Personally I quite like reference-counted shared ownership (without interior mutability) for UI app state. The downside is that app users have to use them, but the positive is that you can recurse down your tree of data just comparing pointers to see if anything changed (without interior multability, there isn't any other way for state to change).

Wow, thank you for this with_locals suggestion. It's very likely that I will be able to use the pattern (i.e. pass an Fn(RenderResult) -> Token) and avoid excessive cloning!

Luckily, the user never has to provide a closure that returns borrowed data — only closures that are generated by the macro return borrowed data — so it should be easy enough to restructure the whole thing to take a continuation function:

const component = |phase, render_continuation| {
  match phase {
    Phase::Render => { let dom = ...; render_continuation(dom) }
  }
}

Thank you for the detailed response and context!

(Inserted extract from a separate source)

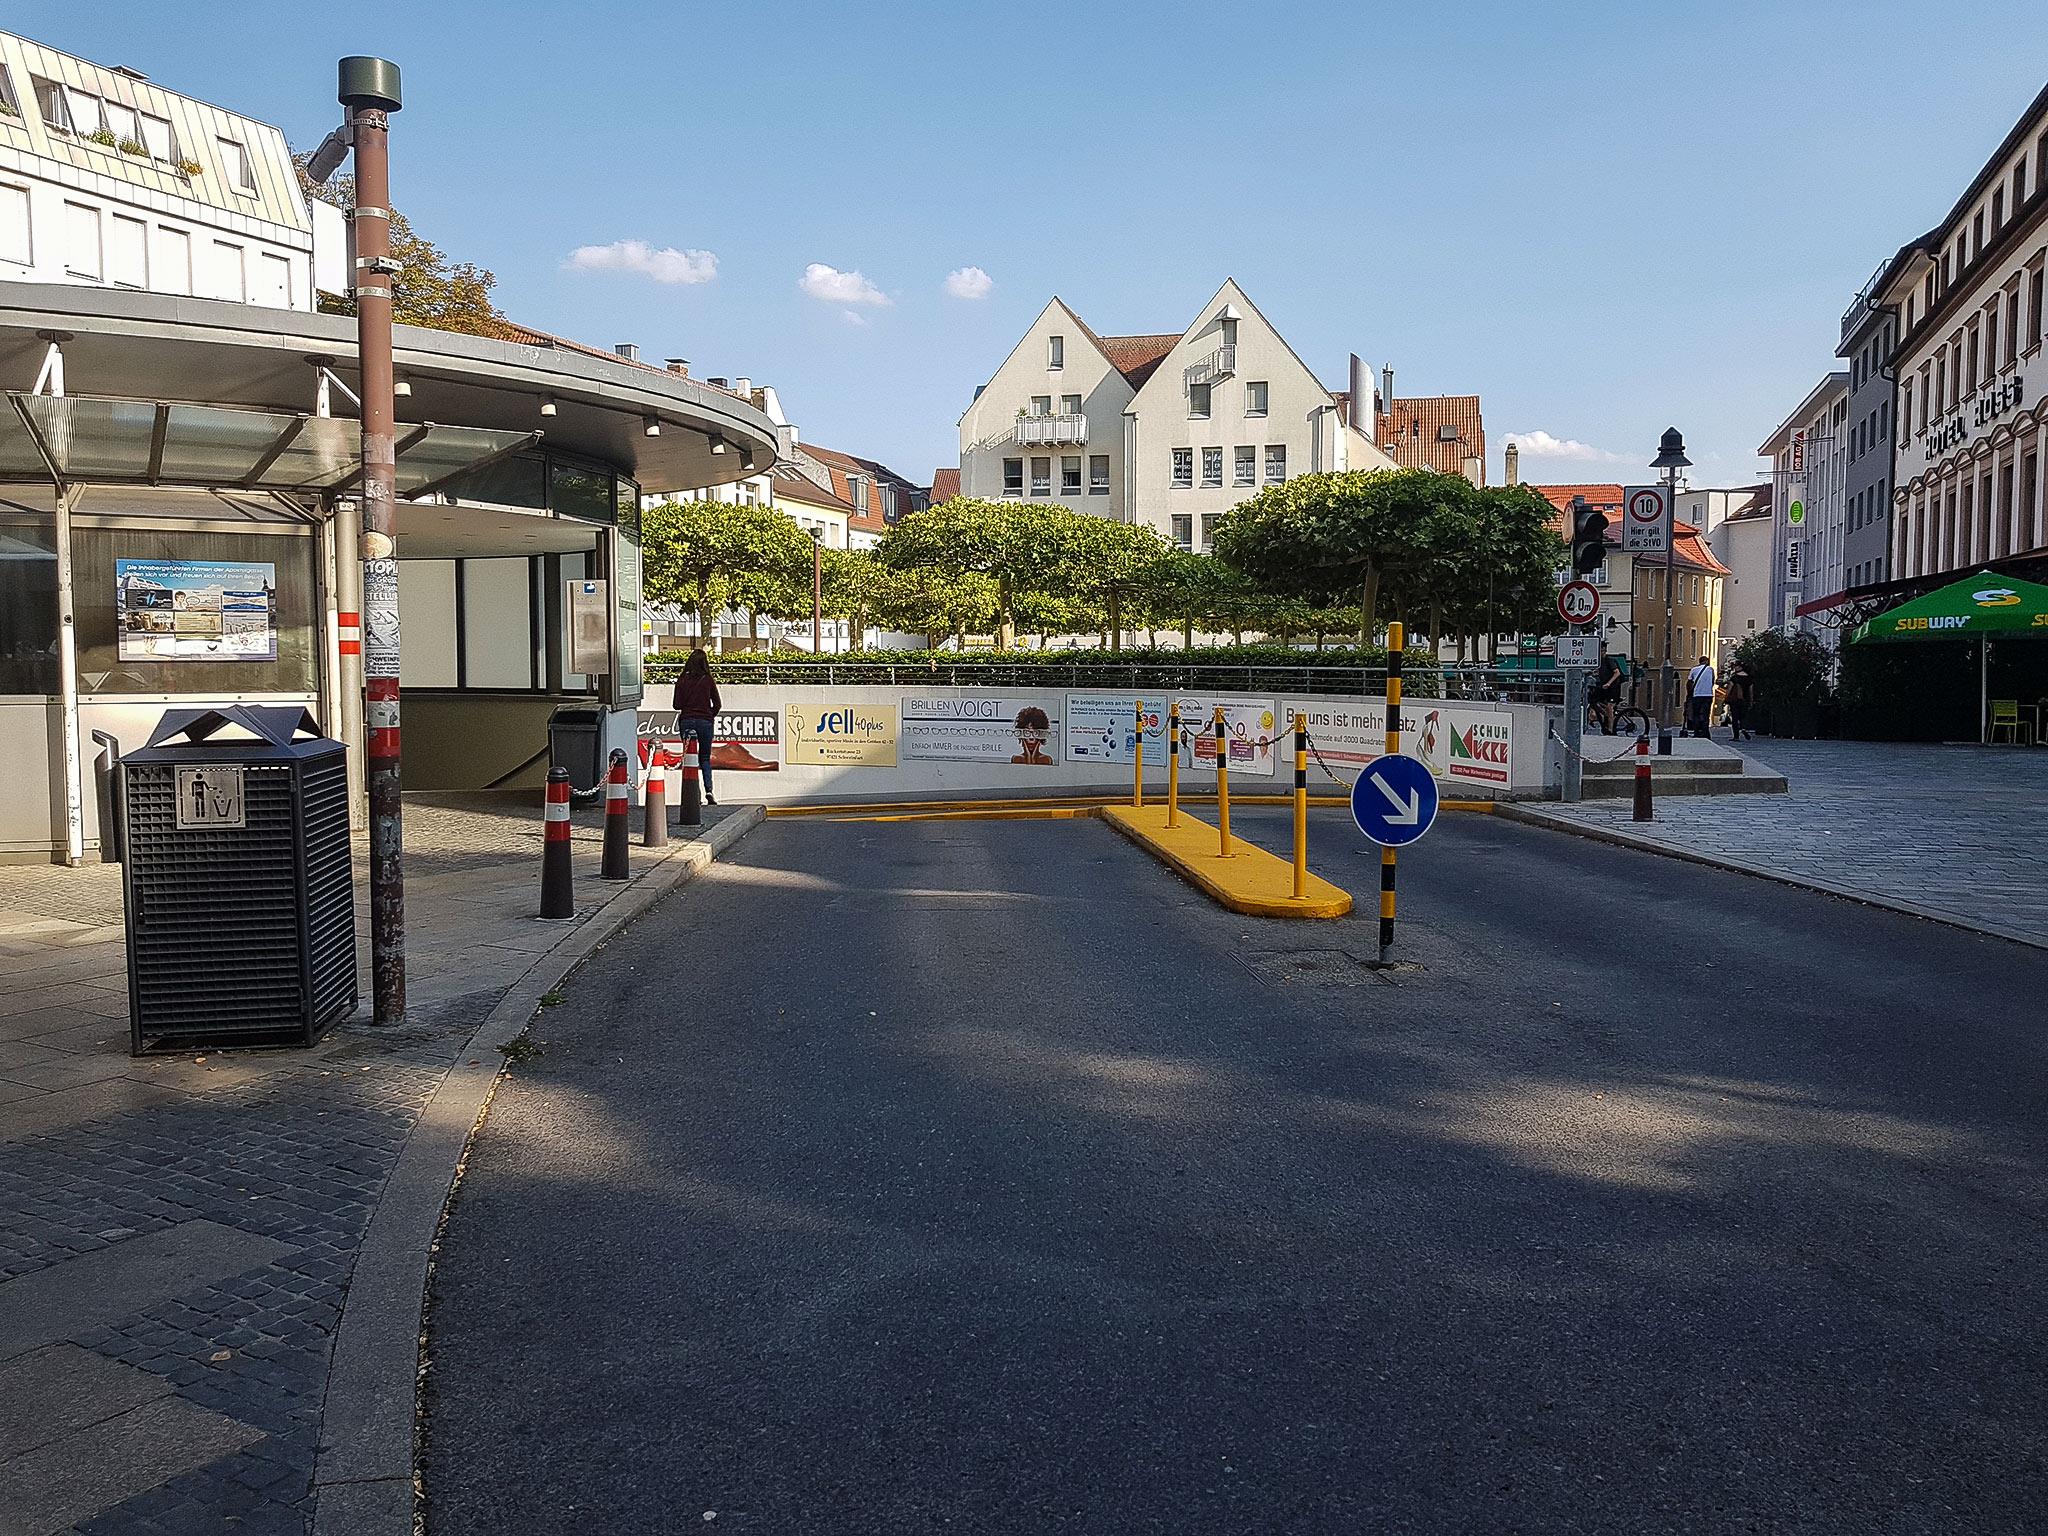 Shopping nach Belieben und die Kosten fürs Parkticket sparen? Darüber freuen sich nicht nur Sparfüchse. Foto: Dirk Flieger

@derekdreery — To be honest, I really dislike requiring the user to use interior mutability, as that seems to make it more difficult to:

  • leverage the compiler to ensure that user-written code is correct
  • interop with other Rust libraries

And it isn't idiomatic!

But I am open to the suggestion that I'm a masochist who is just out to prove that it is possible to do this without requiring users to use interior mutability. ("Think of the overhead of an RC!" he says, despite crossing the Wasm-JS boundary thousands of times per tick.)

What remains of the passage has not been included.